Thursday, May 26, 2022

A myth as a philosophical problem

 A second thought on yesterday’s dog story: In the Greek myths, Laelaps, the dog, was destined to catch everything it chased. The Cadmean fox was destined never to be caught.

One reason the story interests me is that I think we have a bias in our culture for scientific solutions. We would like to think that if we had accurate measurements of, say, Laelaps’s ability to accelerate and the fox’s ability to change directions we might be able to predict who would really win.

We want to say that there could be a calculus for this.

But it’s not that kind of problem. There are other kinds of problems that we experience in life —or, more accurately, that we experience in our language, as we try to talk about our lives. And, as with this problem, the ability to collect and analyze data is not relevant.

It’s a logical problem: a contradiction. The alleged destinies of both dog and fox can’t possibly be true.

As a student, I was interested in the logic of propositions.

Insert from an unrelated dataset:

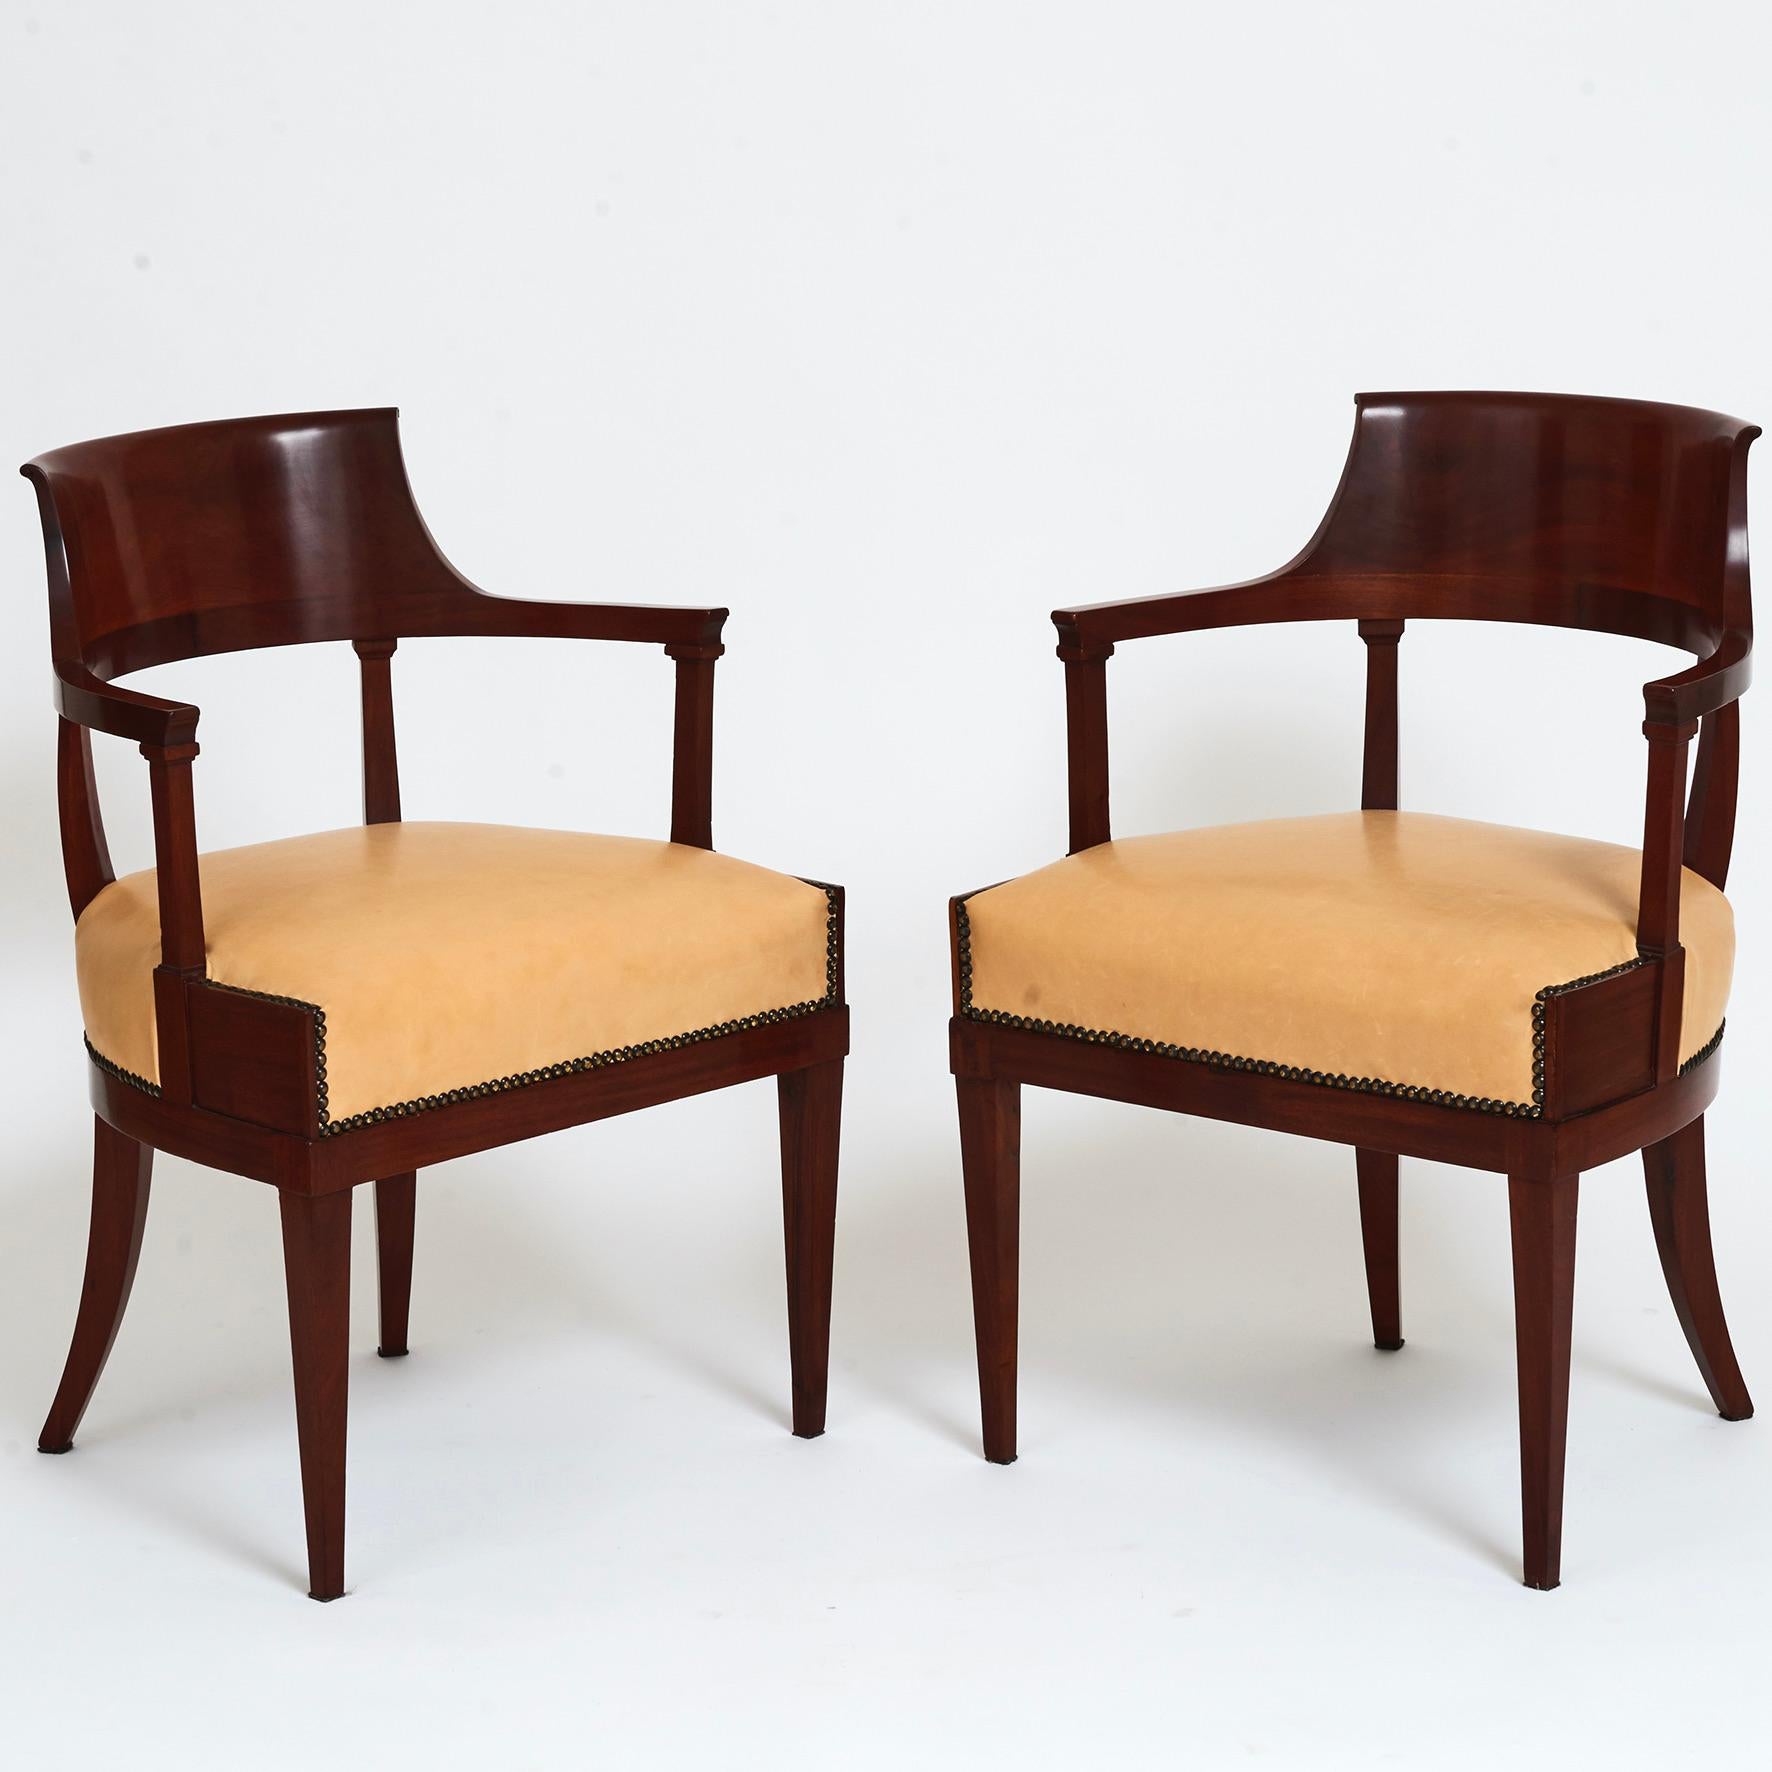 Early 19th Century Set of Three Swedish Neoclassical Armchairs, First Quarter of the 19th Century

I later got interested in philosophers who noticed other kinds of contradictions in language — not just those between propositions. For example, if I say that the neighborhood kid who hopes to play point guard in college is 5-foot-9, that sentence rules out — or contradicts — other possibilities. If he’s 5-foot-9, that rules out the possibility of his being 7-foot-1. He’s not going to have a second shot at playing center if he doesn’t make the team at point guard. All of that, intended or not, is implicit in that first sentence, a description of his height.

The logic of our language is more complex than it appears. If I had more than one life, one would go to the study of logic.

• Notes: (1) I should have pointed out that you can find more than one version of the myth. In some, the wonderful dog was a gift of Zeus, not of Artemis. (2) If you’re wondering about pronunciation, I like LIE-lops.